- The Washington Times
Friday, April 3, 2020

The Foreign Intelligence Surveillance Court slammed the FBI after the Justice Department inspector general this week released new findings that the FBI repeatedly violated surveillance rules.

The court’s presiding judge ordered the FBI to turn over the names of the 29 cases for which the inspector general found had found no documentation to support accusations lodged in the surveillance warrant applications.


An internal audit by Inspector General Michael E. Horowitz concluded the FBI could not even locate supporting documentation, known as the Woods File, in four of the 29 cases. In three of those cases, Mr. Horowitz said, the FBI did not know if the files ever existed.

Judge James E. Boasberg, the court’s president, said the report gives the court less confidence in the FBI’s competence, which was already on shaky ground following missteps uncovered in the bureau’s bid to wiretap Trump campaign aide Carter Page.

“The OIG Memorandum provides further reason for systemic concern,” Judge Boasberg wrote. “It thereby reinforces the need for the court to monitor the ongoing efforts of the FBI and DOJ to ensure that, going forward, FBI applications present accurate and complete facts.”

The judge also ordered the FBI to assess whether the applications’ omissions rendered the warrant invalid, giving the bureau a June 15 deadline to complete the review.

The FBI will now be required to provide the court with regular reports on its progress to account for the accuracy of its warrant applications under the Foreign Intelligence Surveillance Act, or FISA.

The reports must be submitted every two months.

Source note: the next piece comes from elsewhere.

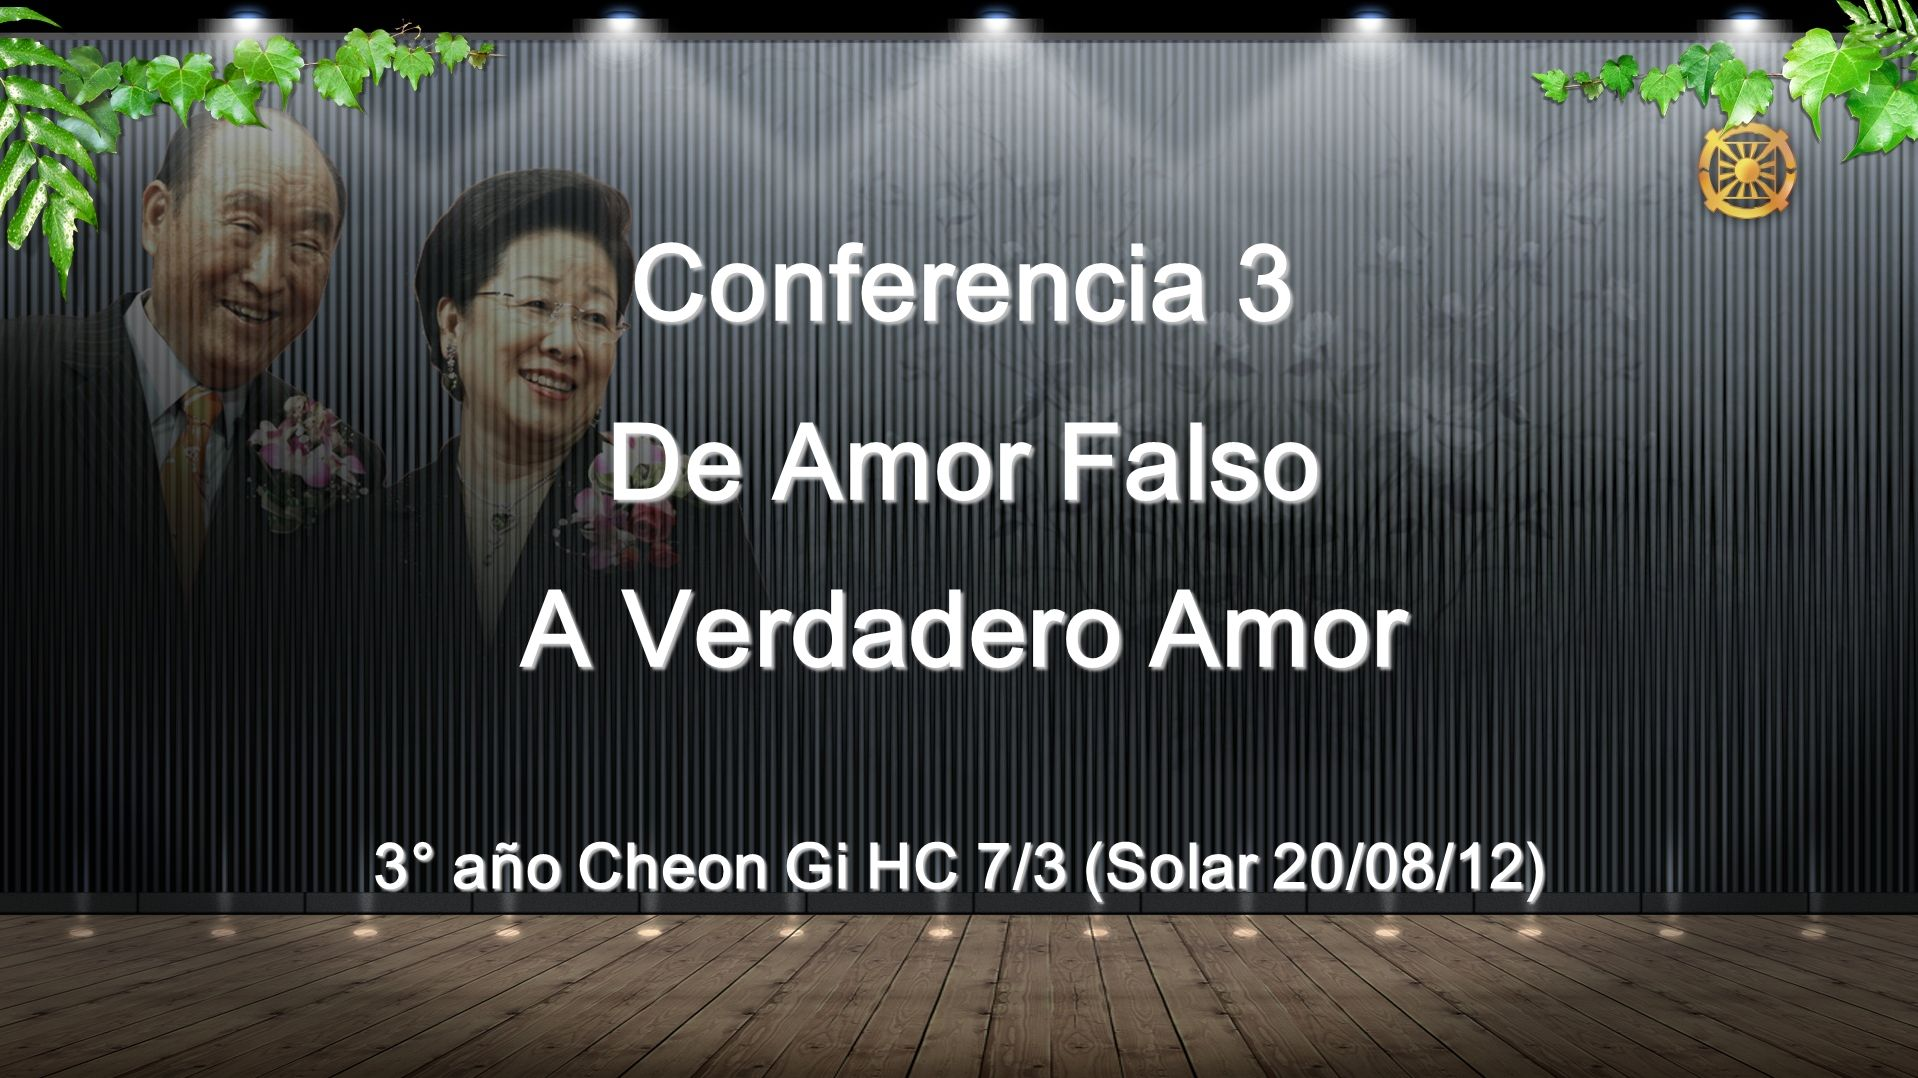 3° año Cheon Gi HC 7/3 (Solar 20/08/12)

An FBI spokesperson acknowledged receipt of Judge Boasberg’s order, adding that reforms implemented by bureau Director Christopher A. Wray last year will ensure the accuracy of FISA applications going forward.

“Maintaining the trust and confidence of the court is paramount to the FBI and we are continuing to implement the 40-plus corrective actions ordered by Director Wray in December 2019,” the FBI said in a statement.

“Although the applications reviewed by the IG in this audit predate the announcement of these corrective actions, the FBI understands the court’s desire to obtain information related to the applications,” the statement said. “In line with our duty of candor to the court and our responsibilities to the American people, we will continue to work closely with the [court] and the Department of Justice to ensure that our FISA authorities are exercised responsibly.”

The order is the second time the normally tight-lipped court has ripped the FBI for failing to follow proper procedures when applying for a warrant to surveil U.S. citizens under FISA.

After Mr. Horowitz released his report on the Page surveillance warrants, the court ordered the FBI to explain how it will improve its warrant applications. At the time, Judge Rosemary Collyer said the bureau’s behavior calls into question “whether information contained in other FBI applications is reliable.”